Inventions and Patents • Thomas Edison- received more than 1000 patents for his new inventions (created an idea for a power plant to light certain sectors of cities) • George Westinghouse-developed technology to send electricity over long distances.
Typewriter – was invented by Christopher Sholes in 1867. • Telephone – was invented by Alexander Graham Bell and Thomas Watson in 1876. • These two inventions created new jobs for women. Women made up 5% of all office workers in 1870, by 1910 they made up 40% of the clerical workers.
The Influence of the Railroad • In 1869, the first transcontinental railroad was completed. This linked the Atlantic Ocean to the Pacific Ocean. • Communities operated on their own time, when the sun was directly over your community it was noon.
Professor C.F. Dowd proposed that the earth be divided into 24 time zones, one for each hour of the day. • It was not until 1883 that everyone synchronized their watches. • The U.S. Congress did not officially adopt railroad time until 1918. • Company Towns - George M Pullman built a factory in Illinois and a city that provided for almost all the workers needs, i.e., houses, doctors, and shops.
Technology and Transportation • George Westinghouse created the air braking system. • Refrigerated cars were introduced • Railroads would allow for mass quantities of goods to be shipped from coast to coast
Industrialization • U.S. starts to export grain, steel, textiles to international markets across the world • Farms became mechanized meaning out of work laborers who had to move to cities to find jobs • Environmental impact becomes a problem leading to soil erosion and dust storms • Congress responded by setting aside protected lands which are now part the National Park Service.
Corporation – a number of people share the ownership of a business. • Cartel – businesses making the same product agree to limit their production and thus keep high prices.
John D. Rockefeller • Owned Standard Oil, used a trust to gain control of the oil industry in America. • Monopoly – complete control of a product or service. • Trust – companies assign their stock to a board of trustees, who combine them into a new organization.
Andrew Carnegie – started out as a private secretary in the railroad business and ended up owning a steel business. He introduced many new business strategies. 1. Vertical Integration – a process in which he bought out suppliers. 2. Horizontal Integration – a process where a company attempts to buy-out competitors or merge with them.
Social Darwinism • an economic and social philosophy – holding that a system of unrestrained competition will ensure the survival of the fittest.
Government Imposes Regulations • Sherman Antitrust Act – made it illegal to form a trust that interfered with free trade between states or with other countries. • Interstate Commerce Act (ICC) – this act reestablished the right of the federal government to supervise the railroad activities and other American business operations.
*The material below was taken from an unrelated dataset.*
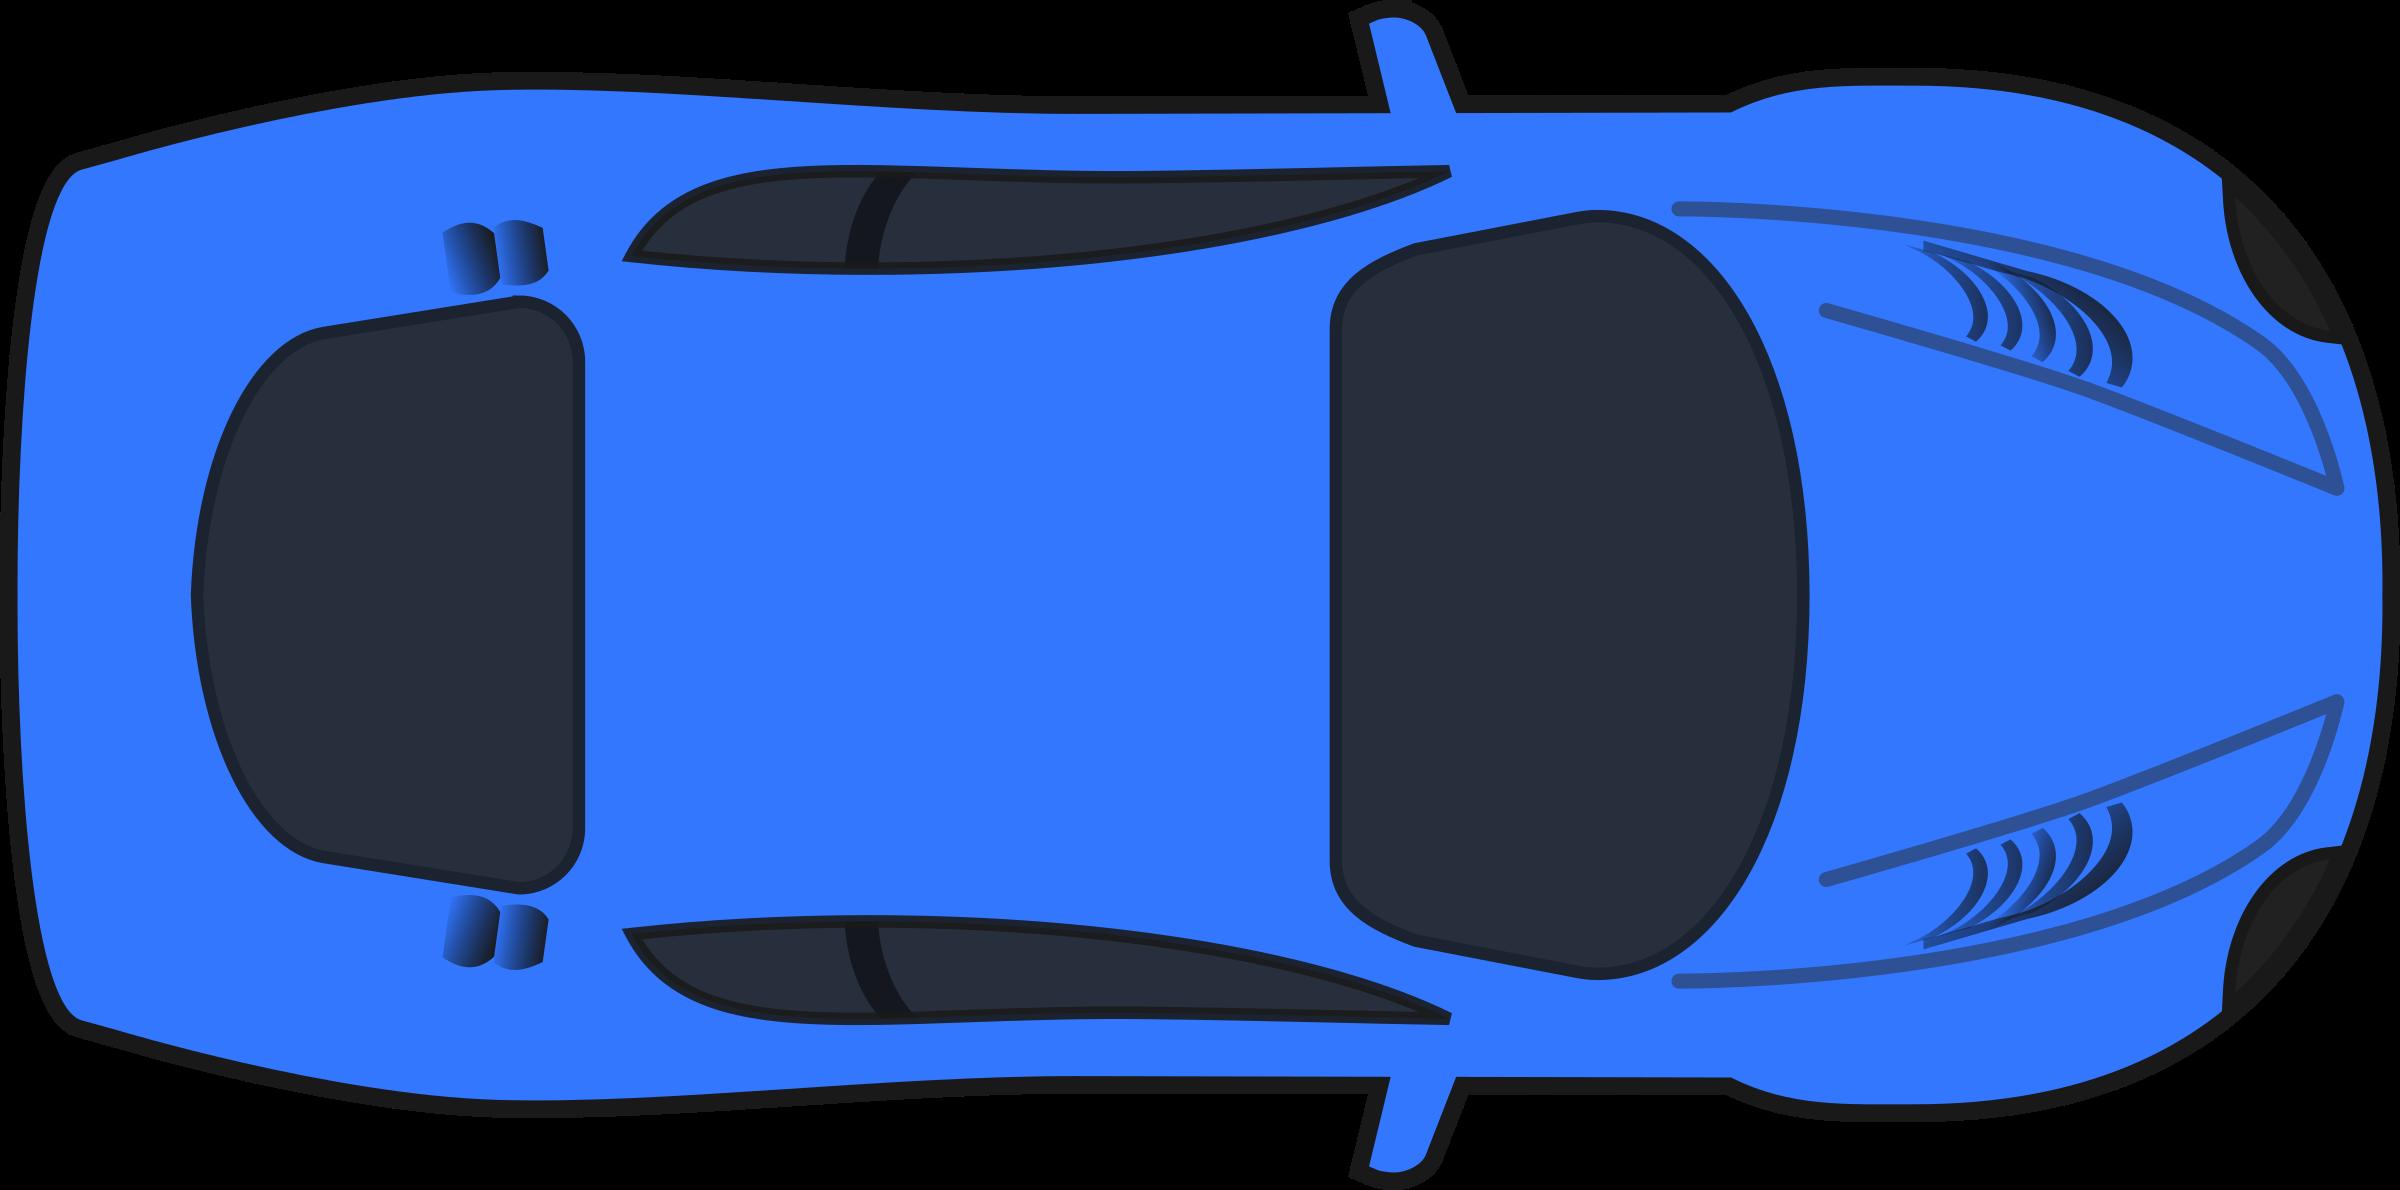 Race Car clipart simple Dark Blue Car Dark Clipart

Factory workers toiled long hours – 12 hours a day, 6 days a week – in small hot, dark, and dirty workhouses known as sweatshops. • Collective Bargaining – negotiating as a group for higher wages or better working conditions.
Socialism – an economic and political philosophy that favors public, instead of private individuals, control of property and income
Union Leaders • Samuel Gompers –Would use strikes as a tactic to get his way. He was the president of the American Federation of Labor (AFL). • Eugene V. Debs – leader of the American Railway Union ( A.R.U.) Was arrested and imprisoned for conspiring against interstate commerce during the Pullman Strike.
Violence and Tragedy • Great Strike of 1877 – workers of the B & O Railroad struck to protest a second wage cut. The government intervened when federal troops were sent in to end the strike. • The Haymarket Affair – On this day a bomb was thrown into the police line and several people were killed. After this the public began to turn against the labor movement. • Homestead Strike – took place at Carnegie Steel plant in Homestead, PA. Pinkerton’s private police force was called in and several workers were killed.